WORK TASK - Only the lines from the one containing "JVC KD-G407 manual" through the end of the listing are to be repeated, exactly and without pictures.

DATASET SECTION -
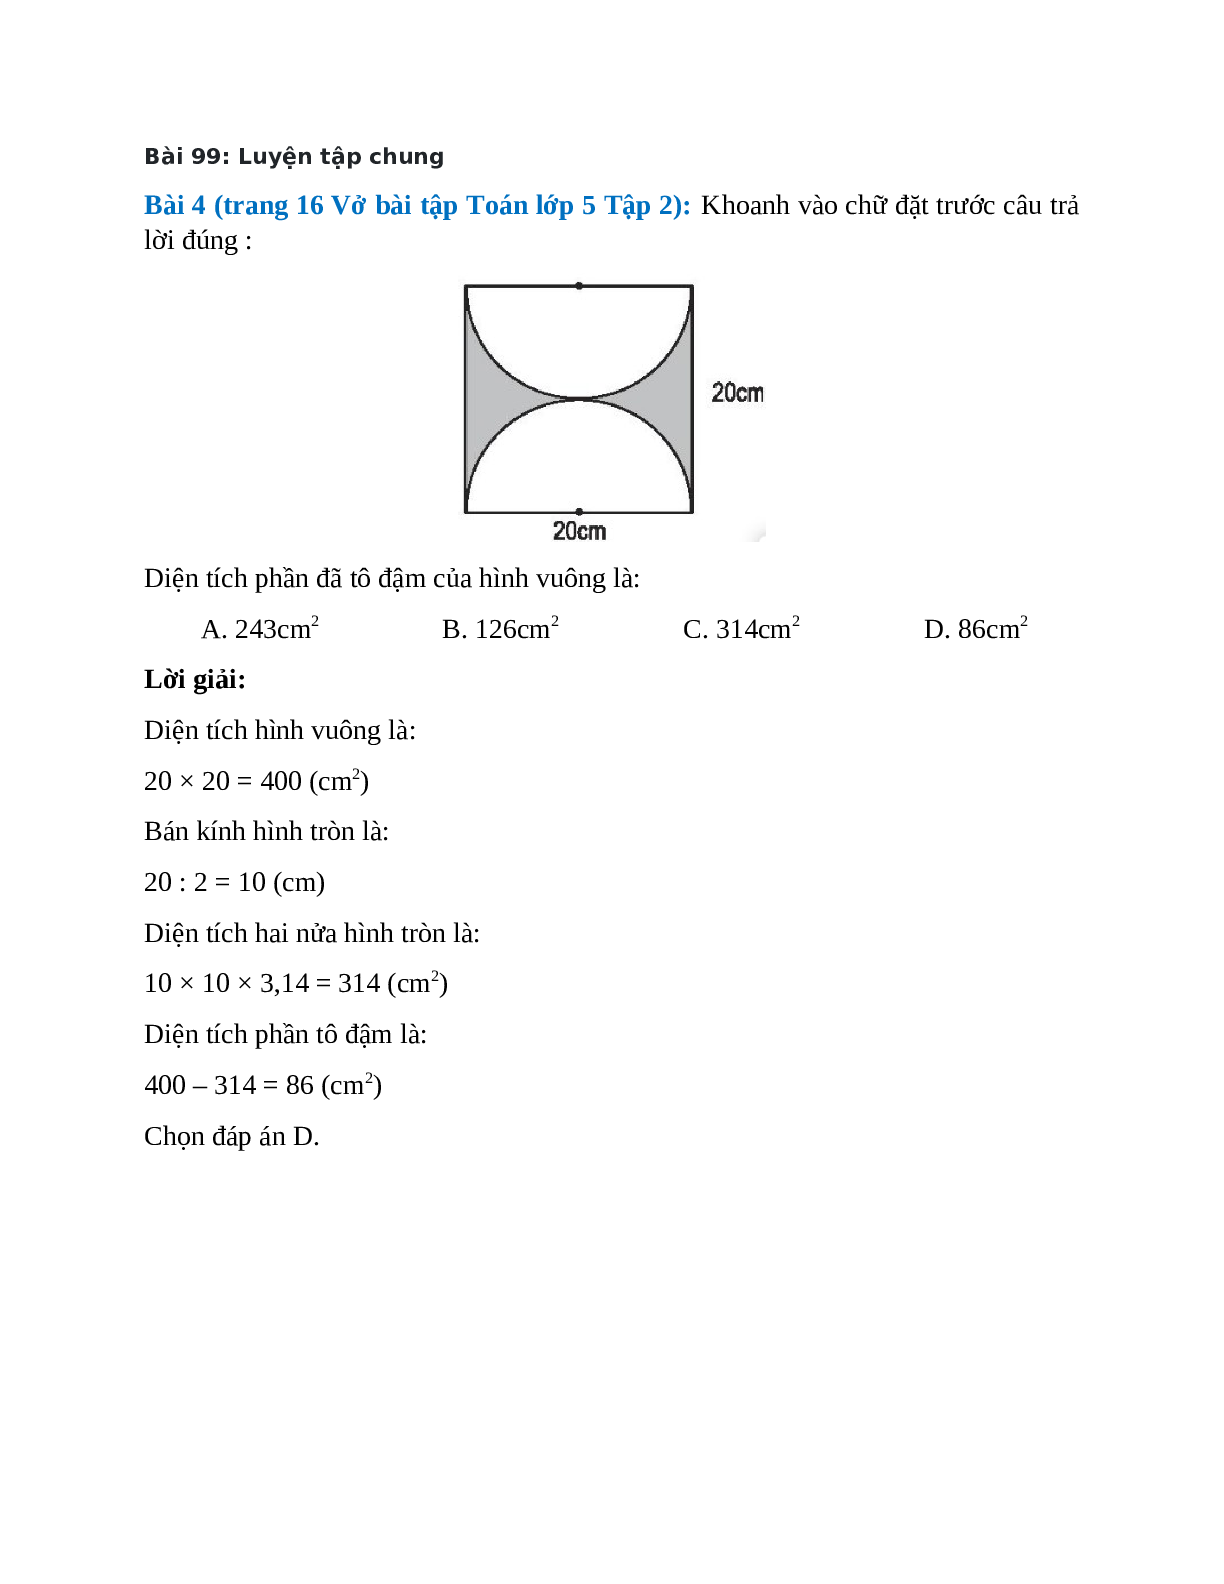 Khoanh vào chữ đặt trước câu trả lời đúng: Diện tích phần đã tô đậm của hình vuông (trang 1)
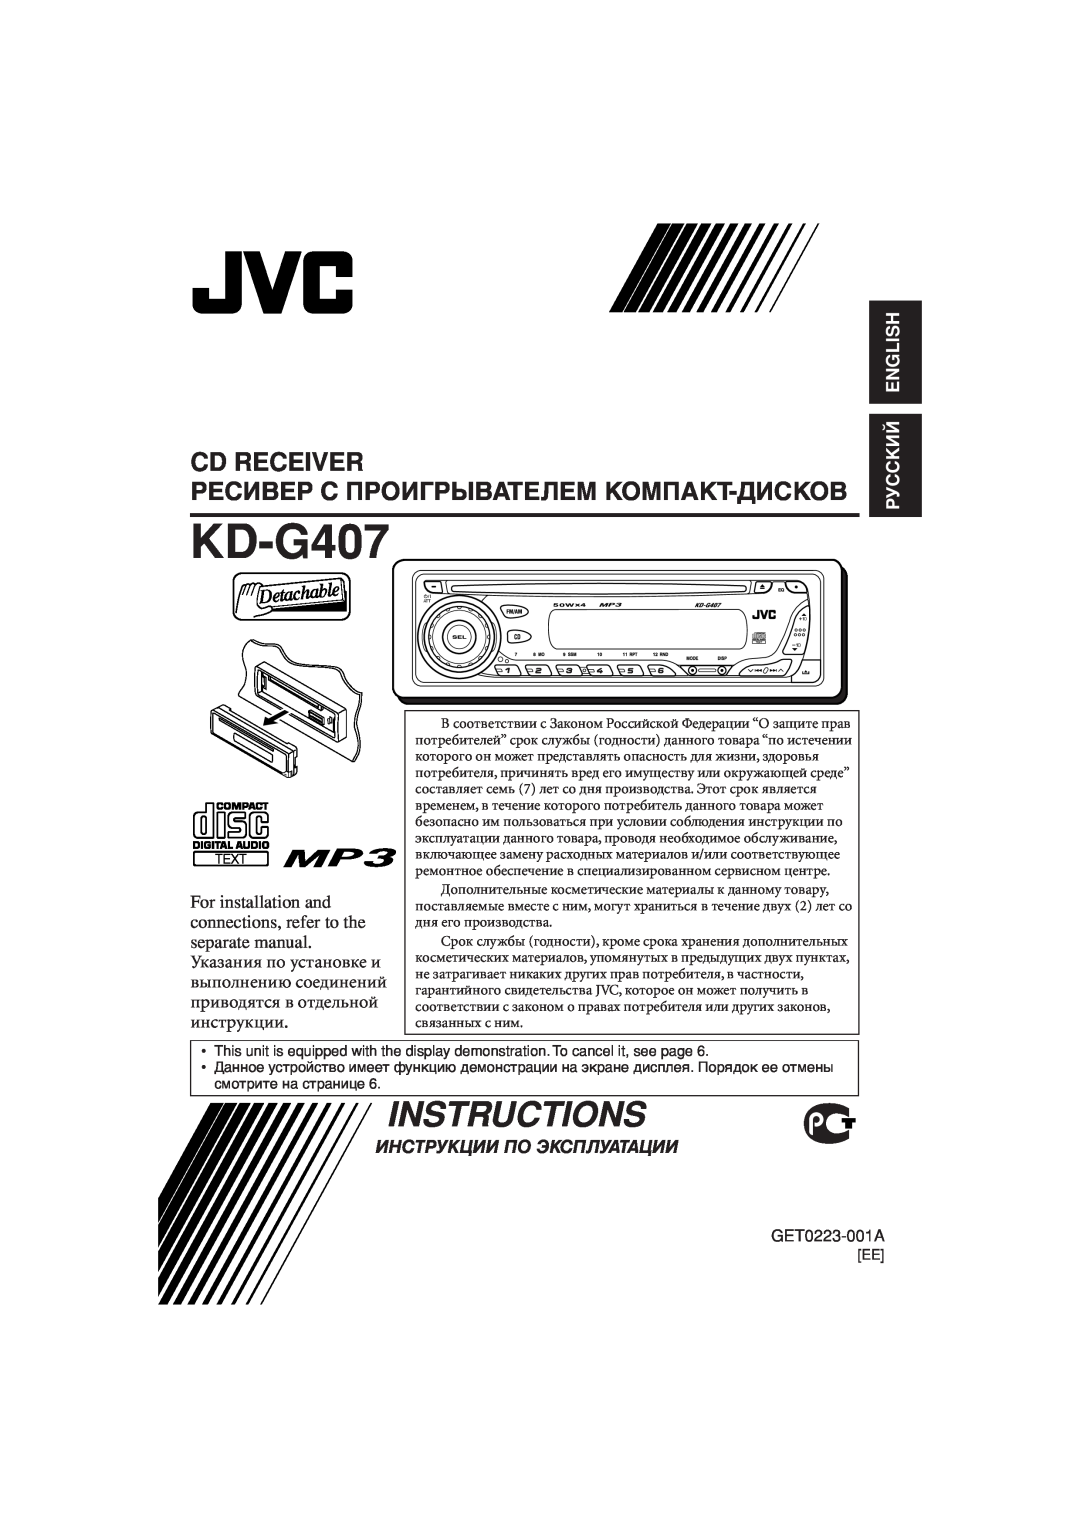 JVC KD-G407 manual Cd Receiver, Инструкции По Эксплуатации, Instructions, Ресивер С Проигрывателем Компакт-Дисков 
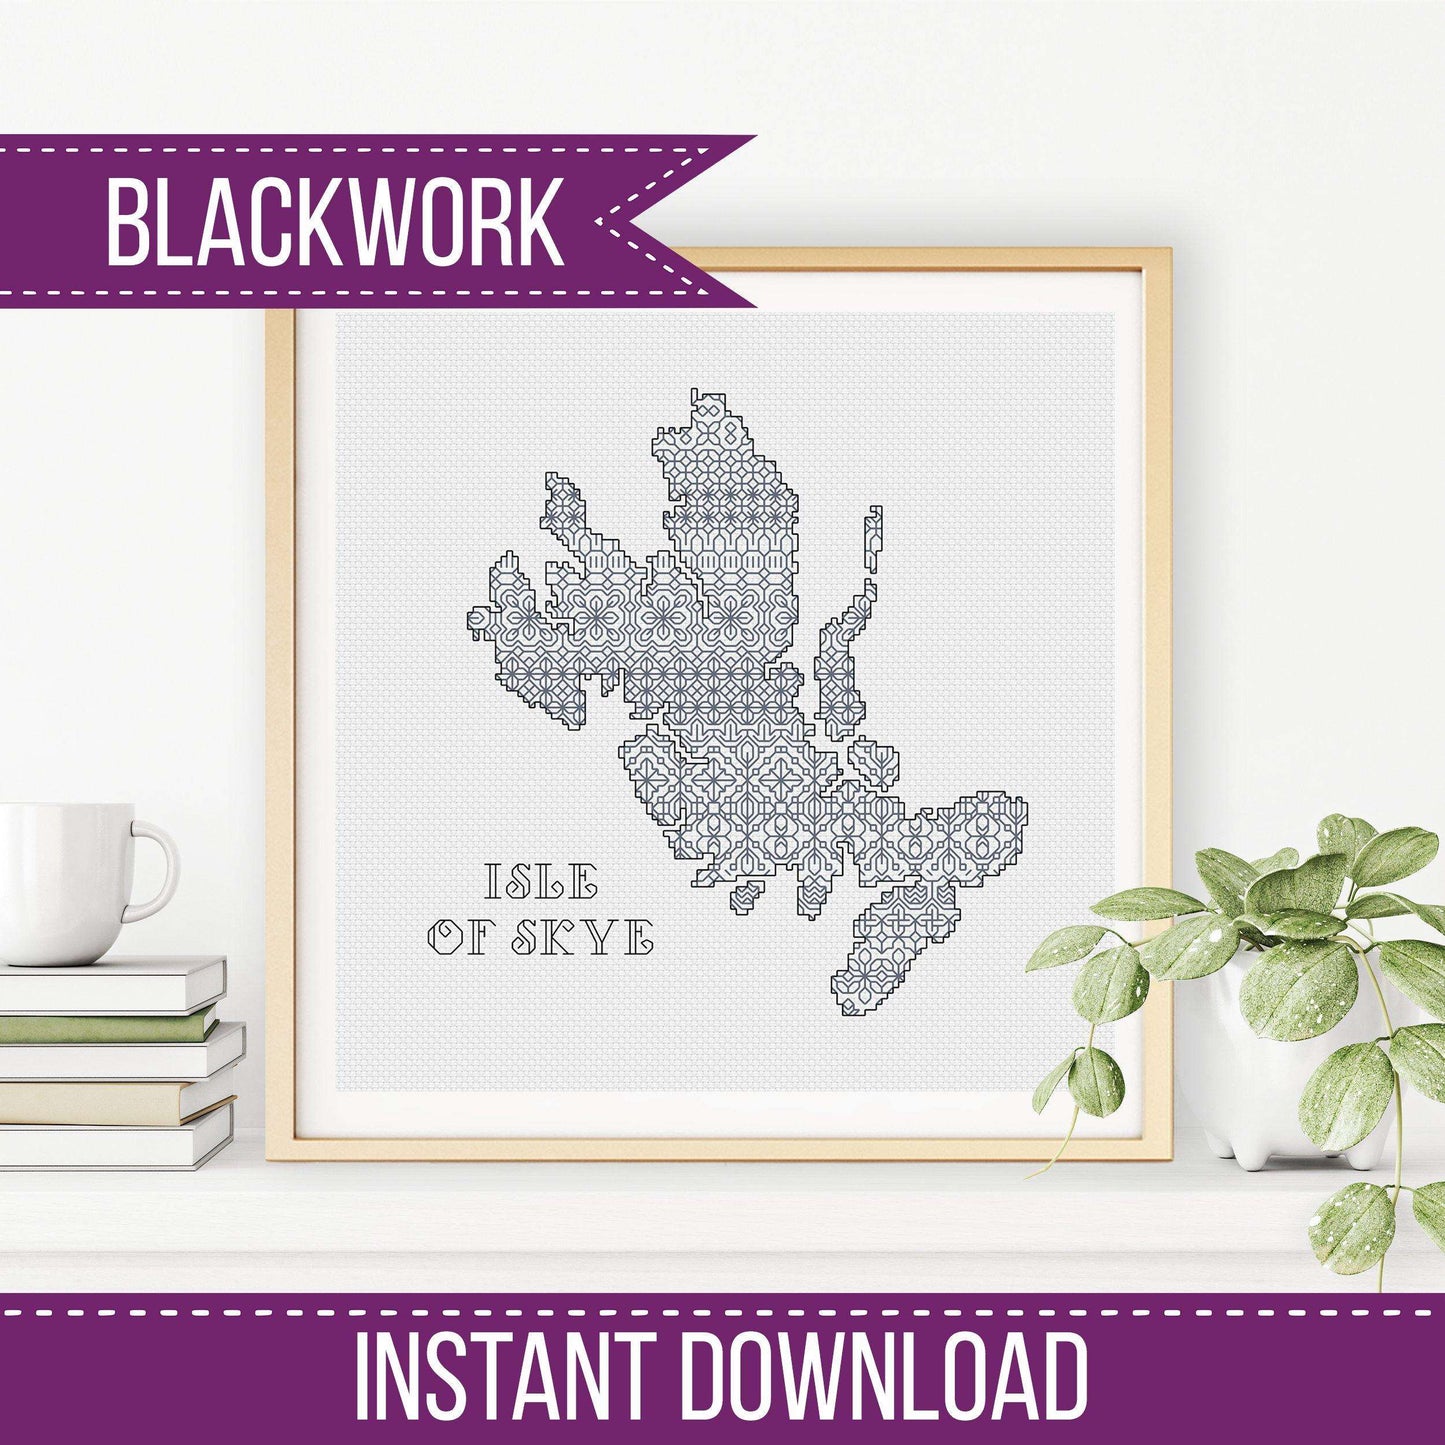 Isle of Skye Blackwork - Blackwork Patterns & Cross Stitch by Peppermint Purple
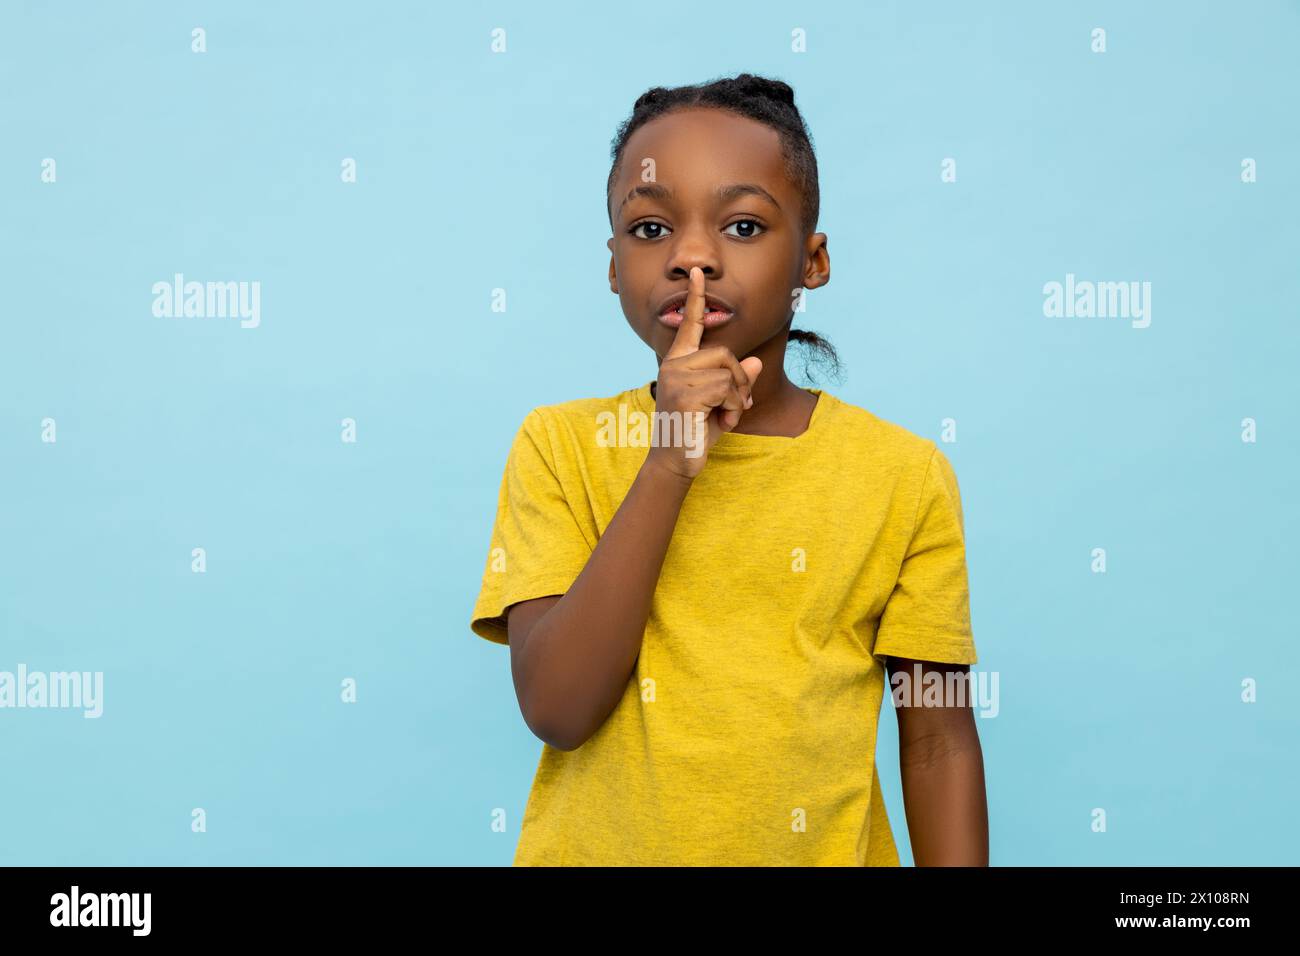 Petit garçon sérieux à la peau foncée montrant un geste de silence Banque D'Images

SOLUTION BELOW -
 JVC KD-G407 manual Cd Receiver, Инструкции По Эксплуатации, Instructions, Ресивер С Проигрывателем Компакт-Дисков 
 Isle of Skye Blackwork - Blackwork Patterns & Cross Stitch by Peppermint Purple
 Petit garçon sérieux à la peau foncée montrant un geste de silence Banque D'Images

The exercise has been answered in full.